XQuery flow control (1:30 p.m.–4:00 p.m.)

  1. Writing XQuery in stages (30 minutes; 1:30 p.m.–2:00 p.m.)  | 
    1. If our eXist-db on the NewtFire server is misbehaving, we will be writing XQuery in the <oXygen/> XML editor. This involves some initial configuration. You may open the Digital Mitford site index at its external location (as we did yesterday with File > Open URL): Look for four tiny buttons in the top right-hand corner of the interface. The second one from the right, marked XQ, is the XQuery debugger. Click on it to change the interface for XQuery writing. Then, go to File > New (or click on the paper icon on the top left), and go to open a New File: Type XQ in the search window to open a new XQuery document. We can begin writing XQuery here. In the XQuery debugger view, we need to choose a dummy file to transform, and the name of an XQuery file to run. We also need to choose a parsing engine: choose Saxon-PE XQuery....
    2. If working on the NewtFire eXist-db, work in the same file we started before the break and delete only the return line. Use variables and FLWOR statements to define and retrieve the following:
      1. Define a global variable pointing to the Digital Mitford site index document, at its external location: Declare a second global variable for the Charles I play at its GitHub location: declare variable $si as document-node() := doc(''); and declare variable $si as document-node() := doc(''); declare statements must appear at the beginning of the XQuery script.
      2. Write a variable (in either declare or let form) that locates all of the <place> elements in the site index document. Use the variable you just defined for the si.xml document in your expression. declare variable $siPlaces := $si//tei:place; or let $siPlaces := $si//tei:place.
      3. For housekeeping purposes, rename the variable $places (which we defined earlier to retrieve place references in the play, using $Chas//tei:placeName); call it $Chasplaces.
      4. Define a new variable to retrieve the values of the @ref attributes on those $Chasplaces Don’t forget the string() to return the attribute value: let $ChasPlaceRefs := $Chasplaces/@ref/string()

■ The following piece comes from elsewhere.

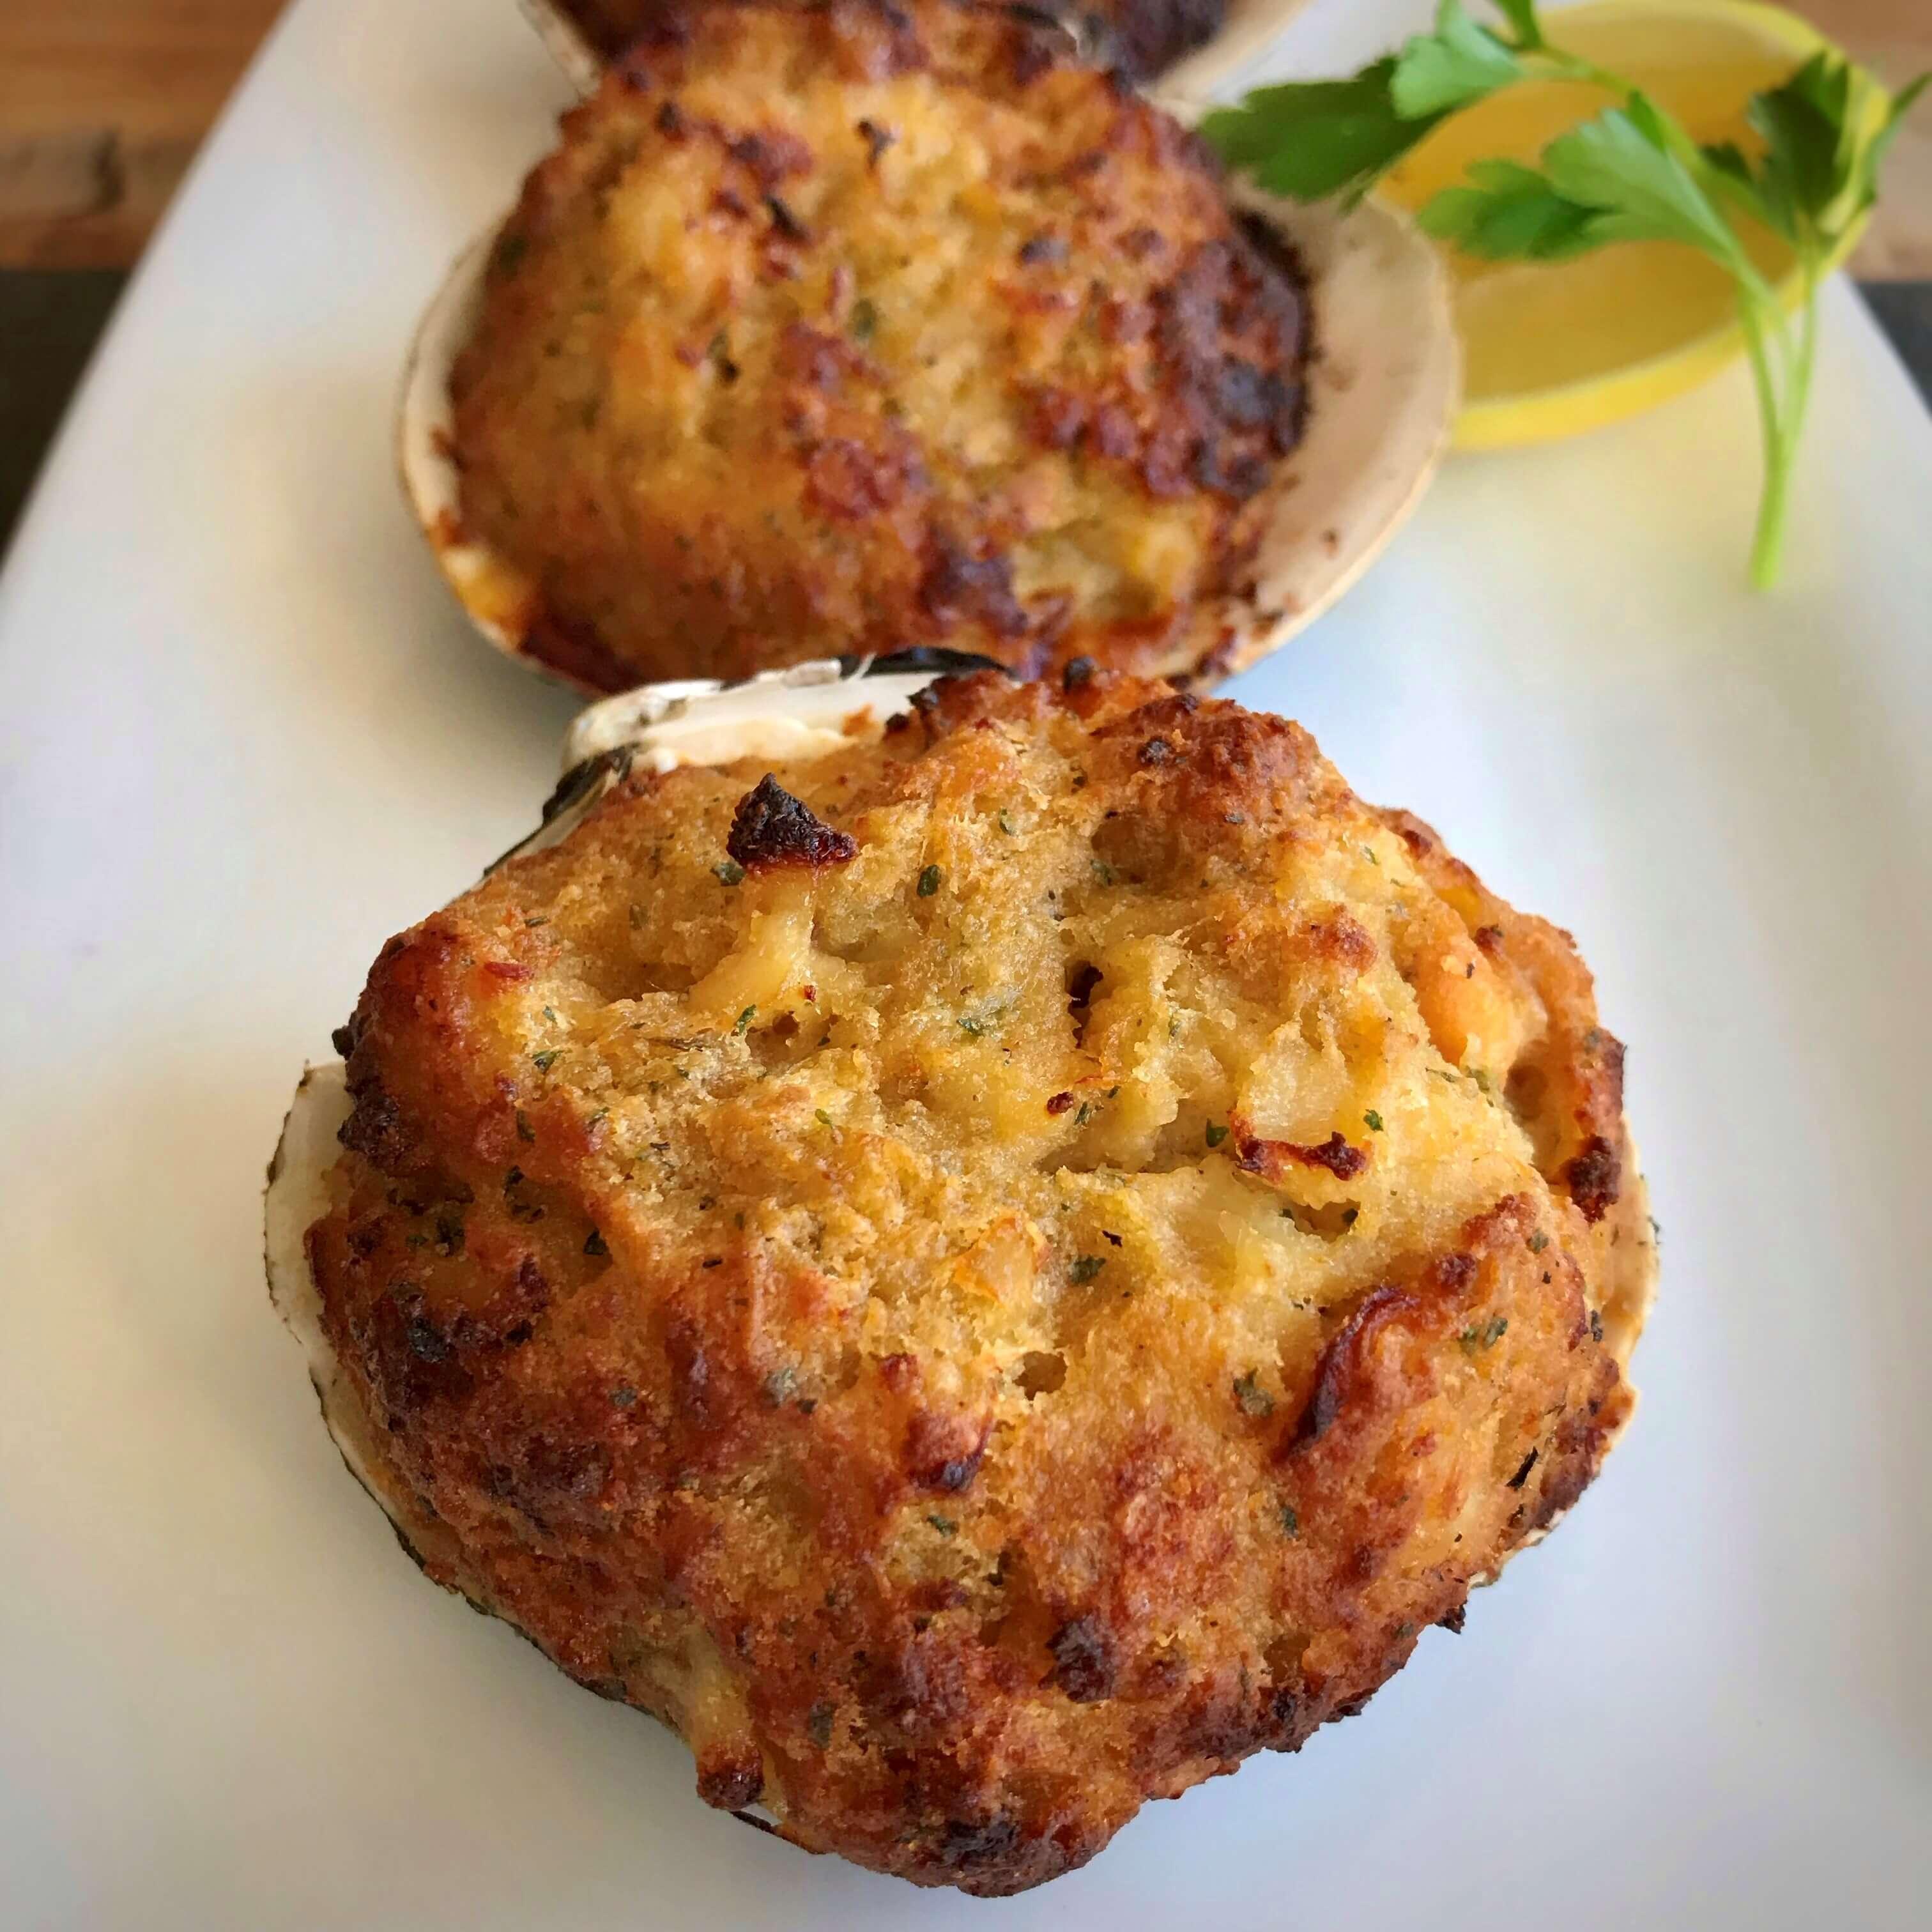 EASY DELICIOUS STUFFED CLAMS

      5. Take a look at the last XPath Scavenger hunt challenge and solution from this morning. (This asked you to find references to "CharlesI_MRMplay" in the site index.) How woud you rewrite that solution as a let statement in XQuery? let $siChasRefs := $si//tei:div/*/*[@xml:id][descendant::*/@*="#CharlesI_MRMplay"]
  2. Review XPath for loops; sequence and range variables (in <oXygen/>) (20 minutes; 2:00 p.m.–2:20 p.m.)  | 
    1. In the <oXygen/> XPath Builder View, try this code: for $i in ("Curly", "Larry", "Moe") return concat($i, " is a Stooge!")

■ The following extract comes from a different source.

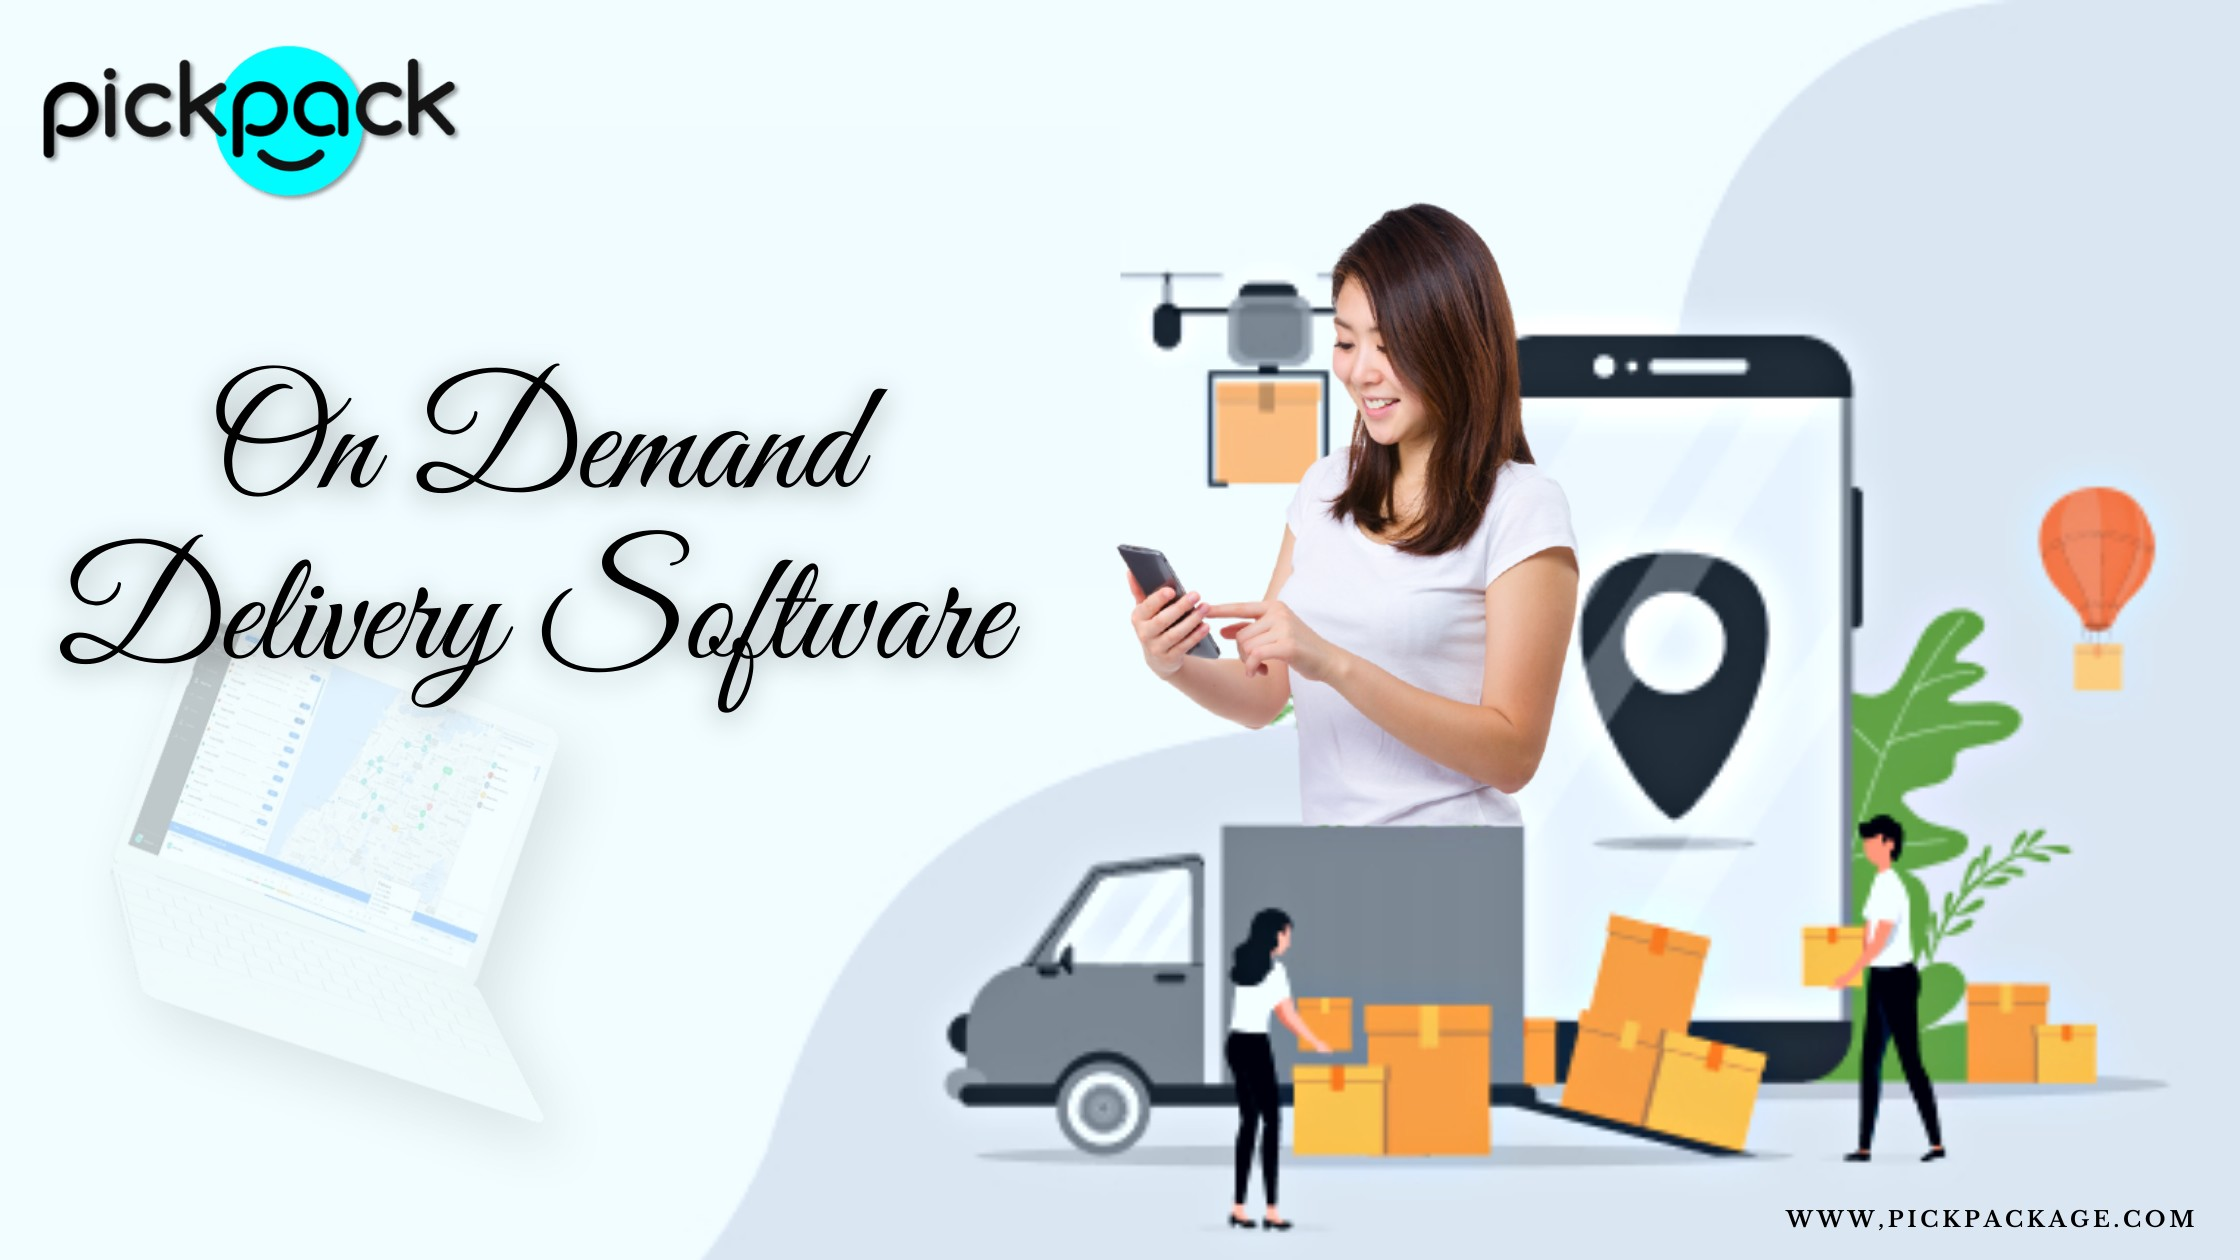 On Demand Delivery Software - A Complete Solution For Managers

    2. Rewrite it as a simple map (with !). ("Curly", "Larry", "Moe") ! concat(., " is a Stooge!")
    3. Open the Digital Mitford site index URL in <oXygen/> using In the <oXygen/> XPath Builder:
      1. Enter //person[@xml:id eq 'Hume_Jos'] to find the entry for Joseph Hume. Notice that the string Scotland appears inside his <birth> child element, which means that he was born in Scotland.

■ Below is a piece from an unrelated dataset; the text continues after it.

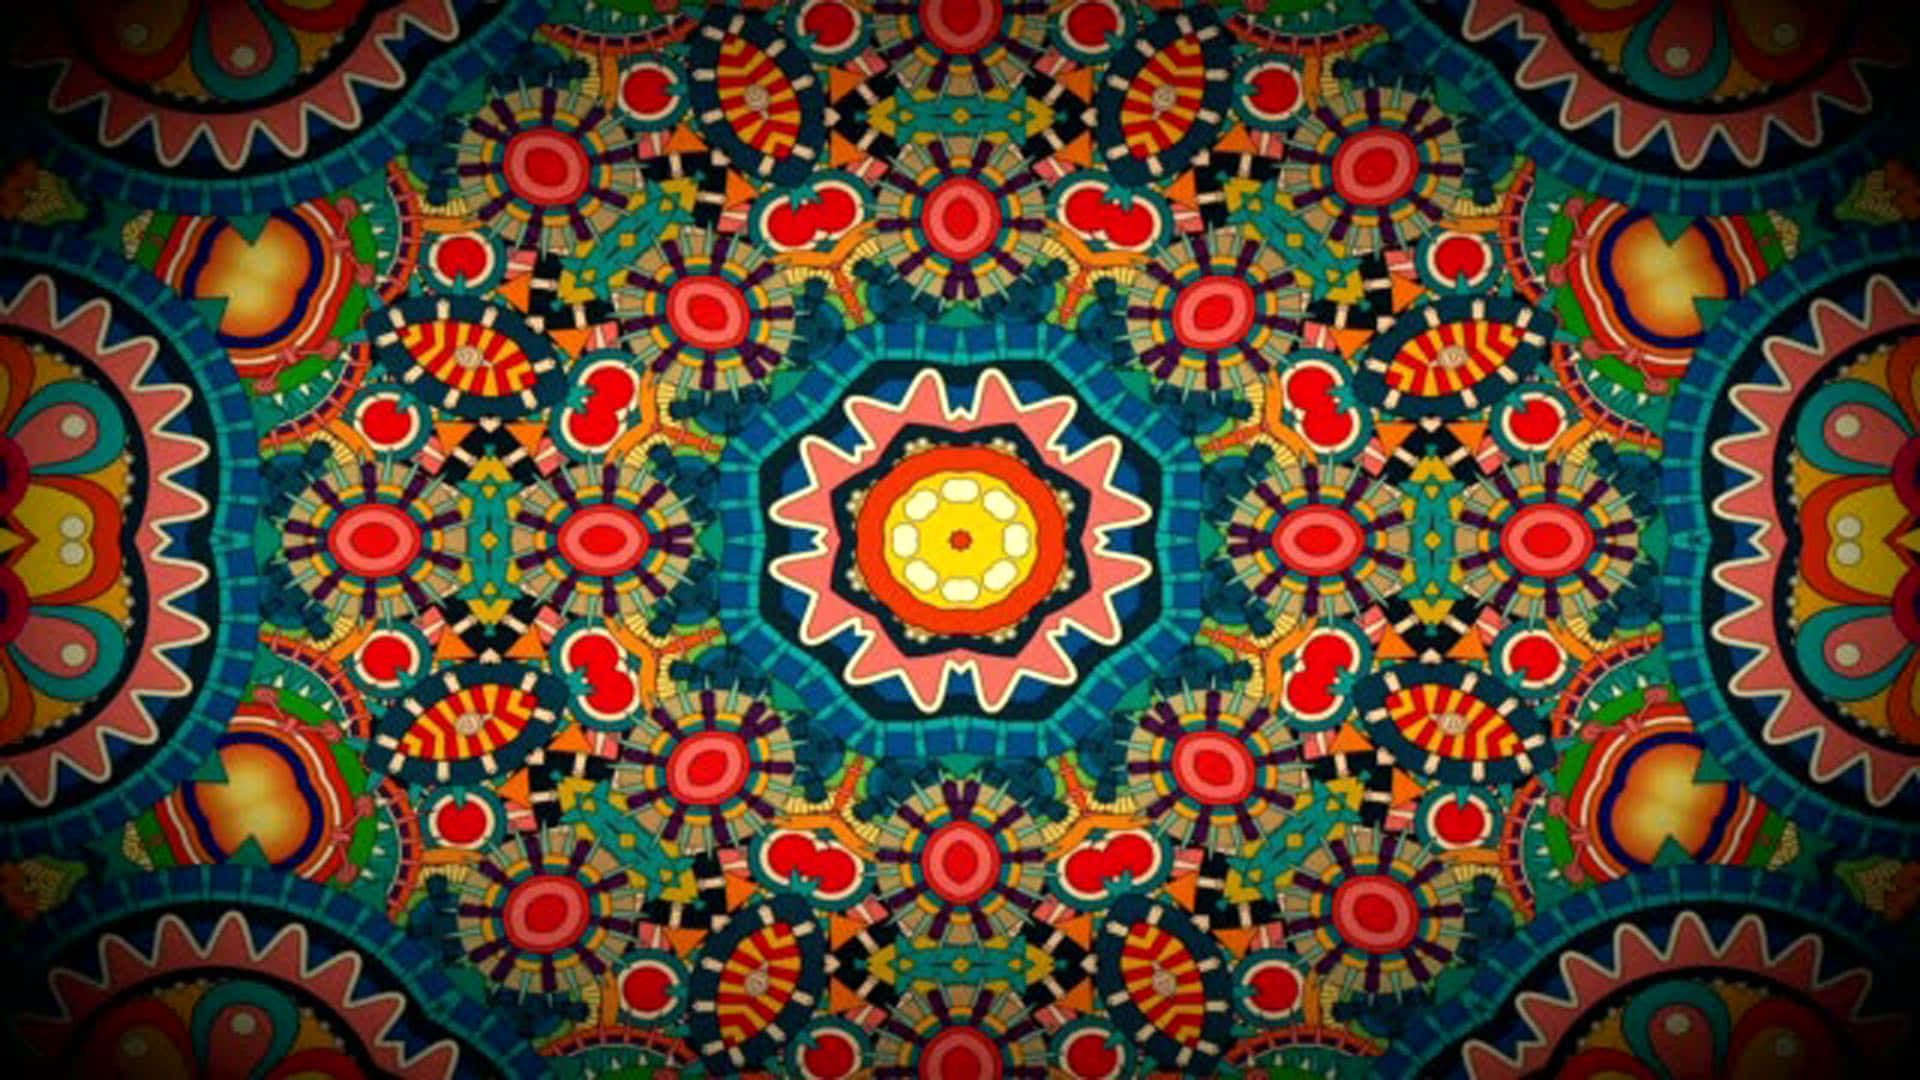 A Colorful And Colorful Pattern With A Circular Design Wallpaper

      2. Find all persons listed as born in Scotland in two ways: with a for loop and as a one-line XPath path expression. for $i in //person[contains(birth, "Scotland")] return $i or //person[contains(birth, "Scotland")]. You should return 30 <person> elements.
      3. Now, modify that example to return the @xml:id attributes of the <person> elements. For the @xml:id: for $i in //person[contains(birth, "Scotland")] return $i/@xml:id or //person[contains(birth, "Scotland")]/@xml:id. Why do we see the values even though we didn’t write string() at the end of the path expression?
  3. FLWOR statements in XQuery: how for works: Part 1 (20 minutes; 2:20 p.m.–2:40 p.m.)  | 
    1. We’ll find the places mentioned in Charles the First and dereference them (look them up) in the Digital Mitford site index.
      1. First find the distinct (unique) values of @ref attributes on <placeName> elements in the play and assign them to a variable. let $distChPRs := distinct-values($ChasPlaceRefs)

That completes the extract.